Judge of the United States Foreign Intelligence Surveillance Court
- In office September 10, 1993 – May 18, 2000
- Appointed by: William Rehnquist
- Preceded by: Herbert Frazier Murray
- Succeeded by: Claude M. Hilton

Chief Judge of the United States District Court for the Eastern District of Virginia
- In office 1991–1997
- Preceded by: Albert Vickers Bryan Jr.
- Succeeded by: Claude M. Hilton

Judge of the United States District Court for the Eastern District of Virginia
- In office December 1, 1981 – March 30, 1998
- Appointed by: Ronald Reagan
- Preceded by: Seat established by 92 Stat. 1629
- Succeeded by: Gerald Bruce Lee

Personal details
- Born: James Chris Cacheris March 30, 1933 Pittsburgh, Pennsylvania, U.S.
- Died: April 29, 2025 (aged 92)
- Education: University of Pennsylvania (BS) George Washington University (JD)

= James Cacheris =

American judge (1933–2025)

James Chris Cacheris (March 30, 1933 – April 29, 2025) was a United States district judge of the United States District Court for the Eastern District of Virginia.

==Early life and education==
Born in Pittsburgh, Cacheris was educated at the University of Pennsylvania where he earned a Bachelor of Science degree in 1955. He earned a Juris Doctor in 1960 from the George Washington University Law School.

== Career ==
Cacheris served as assistant corporation counsel from 1960 to 1962, in Washington, D.C., before entering private practice in 1962. He remained in private practice in Washington, D.C., and northern Virginia until 1971, when he became a judge of the 19th Judicial Circuit of Virginia, Fairfax Circuit Court.

===Federal judicial service===
Cacheris was nominated by President Ronald Reagan on October 20, 1981, to the United States District Court for the Eastern District of Virginia, to a new seat authorized by 92 Stat. 1629. He was confirmed by the United States Senate on November 24, 1981, and received a commission on December 1, 1981. He served as Chief Judge from 1991 to 1997. He assumed senior status on March 30, 1998, and was succeeded by Judge Gerald Bruce Lee. Cacheris served as a Judge of the Foreign Intelligence Surveillance Court from 1993 to 2000 and served as a Judge of the Alien Terrorist Removal Court from 2005 to 2016, serving as chief judge from 2006 to 2016. He retired from active service on January 26, 2018.

== Notable cases ==
Cacheris presided over several high-profile cases during his tenure on the United States District Court for the Eastern District of Virginia.

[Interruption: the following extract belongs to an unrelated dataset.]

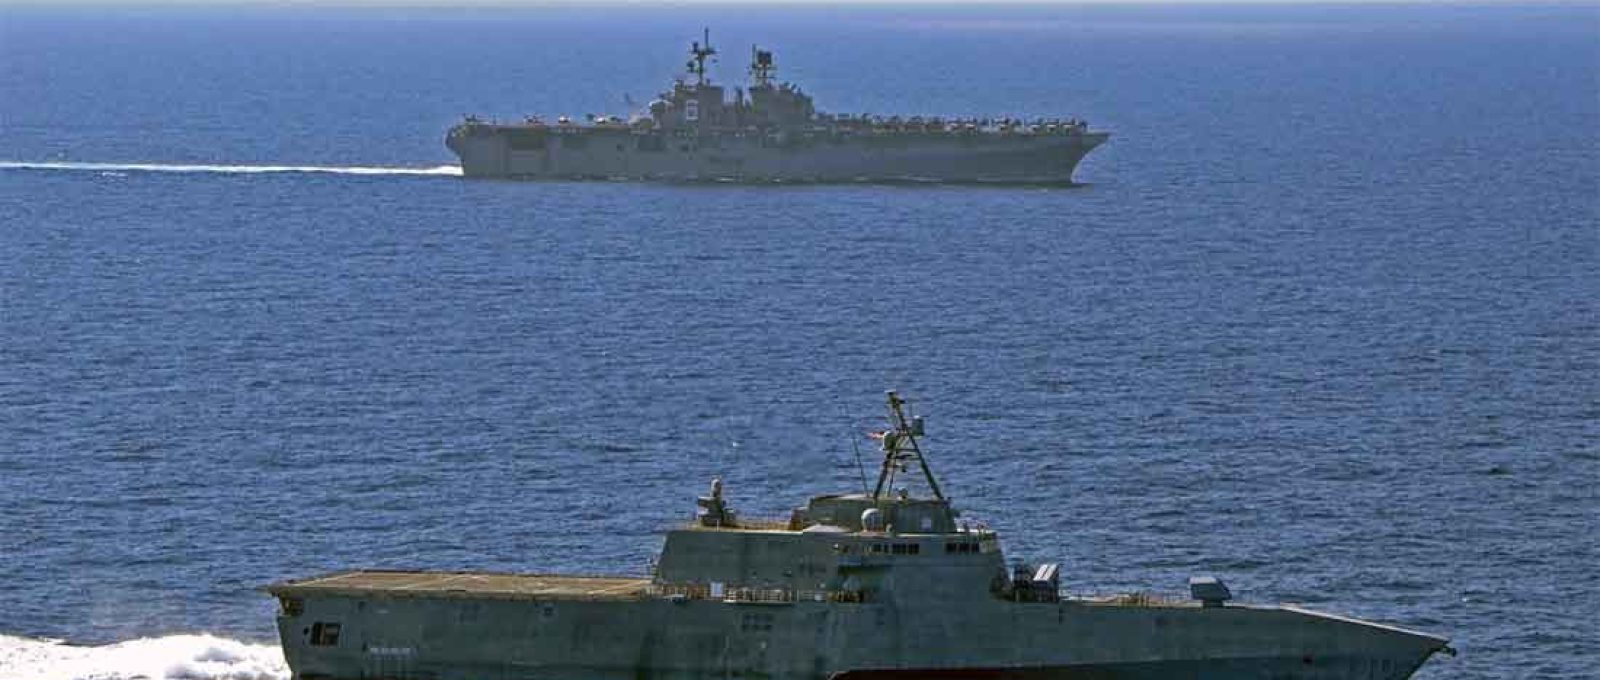 O navio de assalto anfíbio USS America navega com o navio de combate litorâneo USS Gabrielle Giffords em 13 de março de 2020, no Mar do Sul da China (Foto: US Navy).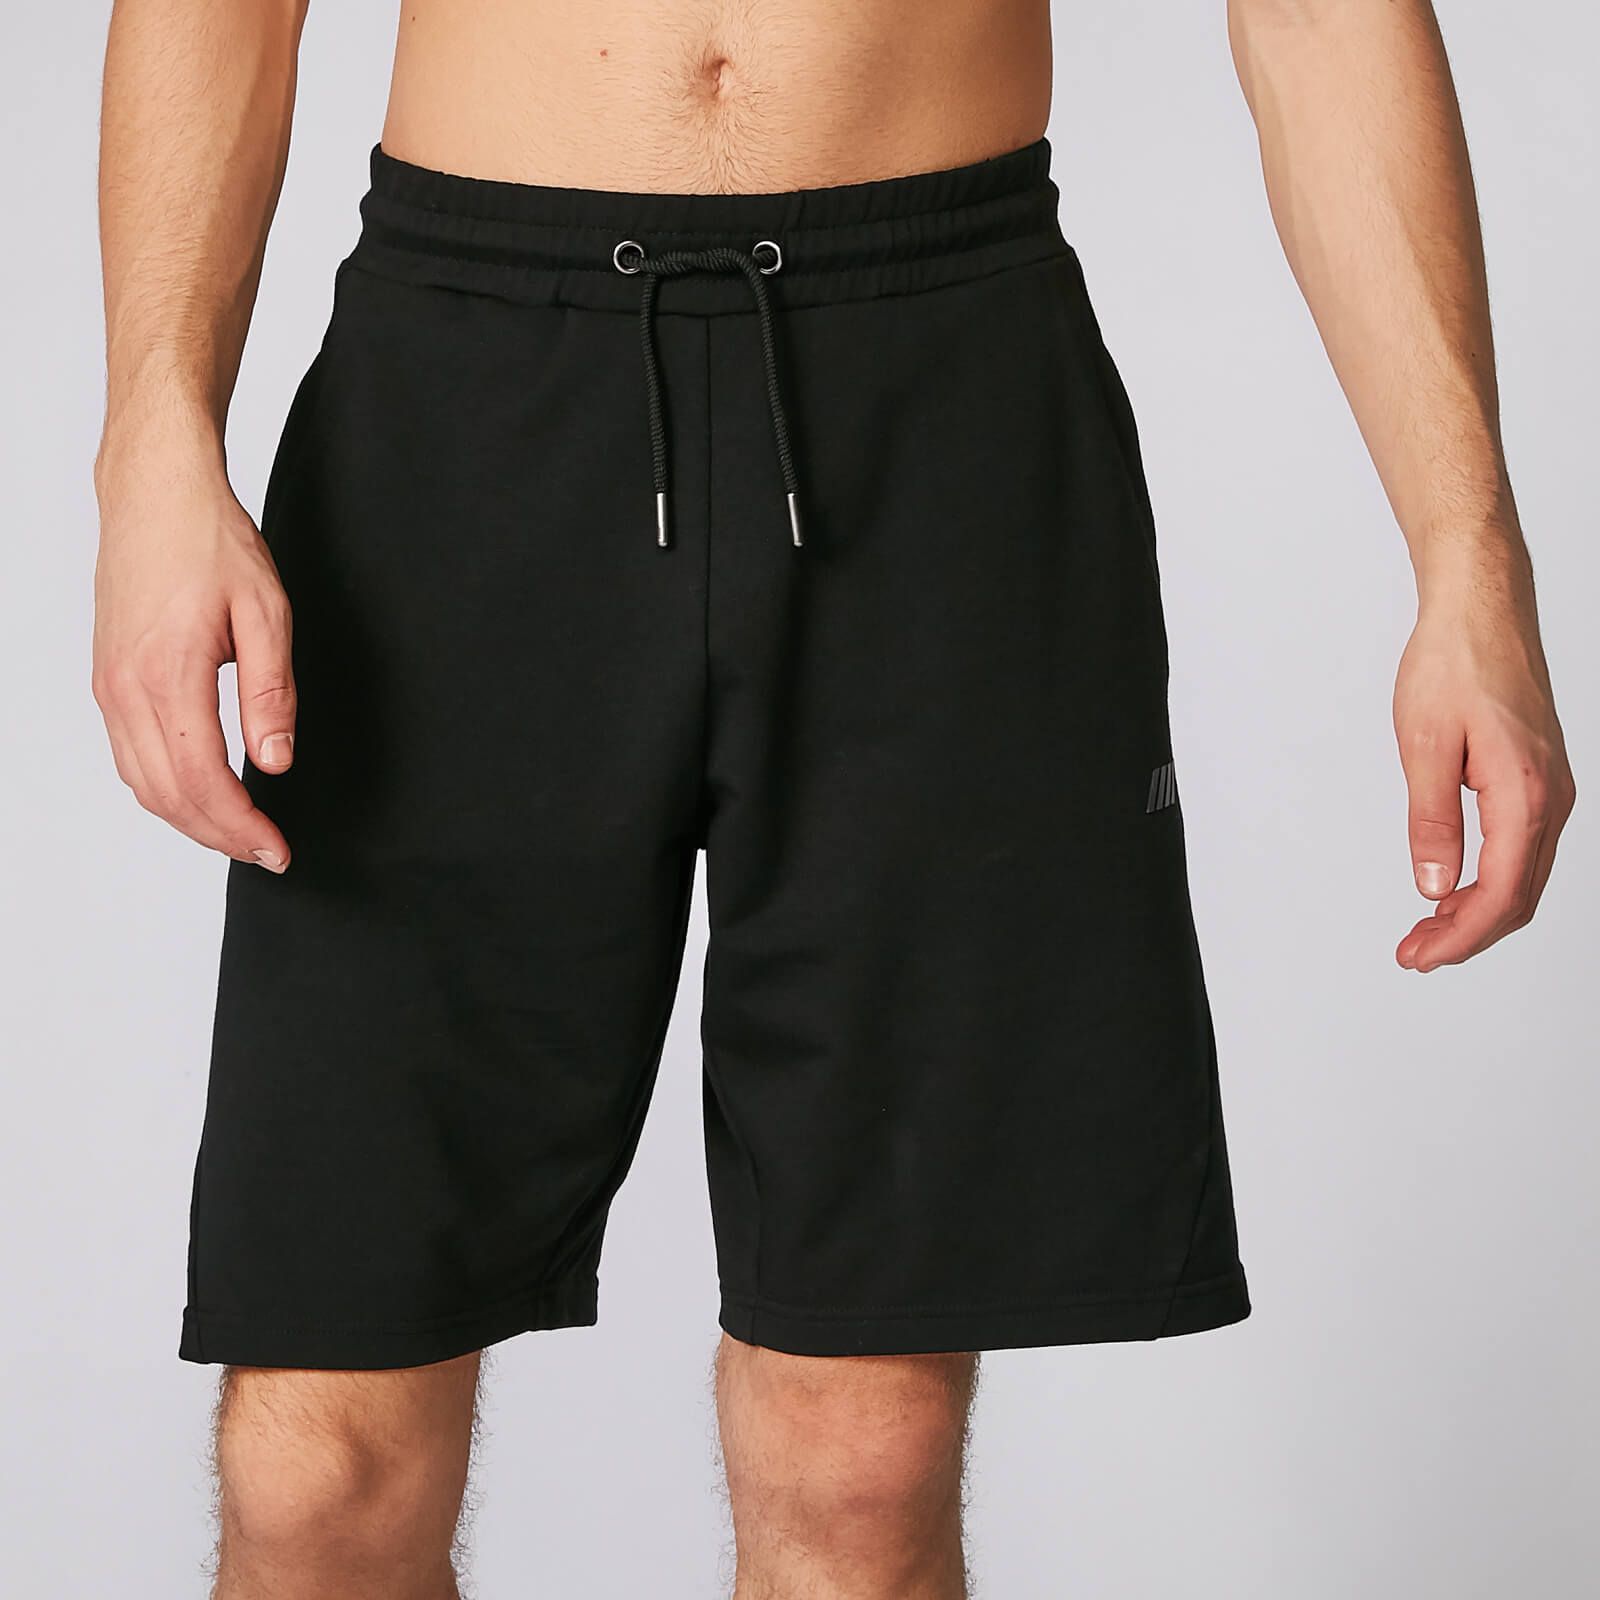 Form kratke hlače - Crne

In Dickerson v. United States, Cacheris suppressed statements made by a bank robbery suspect that were obtained without full compliance with Miranda v. Arizona warnings, while finding the statements voluntary. The United States Court of Appeals for the Fourth Circuit reversed, holding that 18 U.S.C. § 3501 governed the admissibility of confessions rather than Miranda. The Supreme Court of the United States reversed the Fourth Circuit in 2000, reaffirming that Miranda is a constitutional rule that cannot be overruled by statute.

In United States v. Nicholson, Cacheris handled the prosecution of Harold James Nicholson, a senior Central Intelligence Agency officer charged with espionage for Russia. Cacheris denied a motion for recusal based on his prior service on the Foreign Intelligence Surveillance Court and denied a motion to suppress evidence obtained pursuant to the Foreign Intelligence Surveillance Act (FISA), upholding the constitutionality of FISA-authorized electronic surveillance and physical searches. Nicholson pleaded guilty and was sentenced to more than 23 years in prison.

In 2016, Cacheris sentenced Romanian hacker Marcel Lehel Lazăr (known as "Guccifer") to 52 months in prison following a guilty plea to unauthorized access to a protected computer and aggravated identity theft. Lazăr had gained unauthorized access to the email and social media accounts of approximately 100 Americans, including high-profile political figures, between 2012 and 2014.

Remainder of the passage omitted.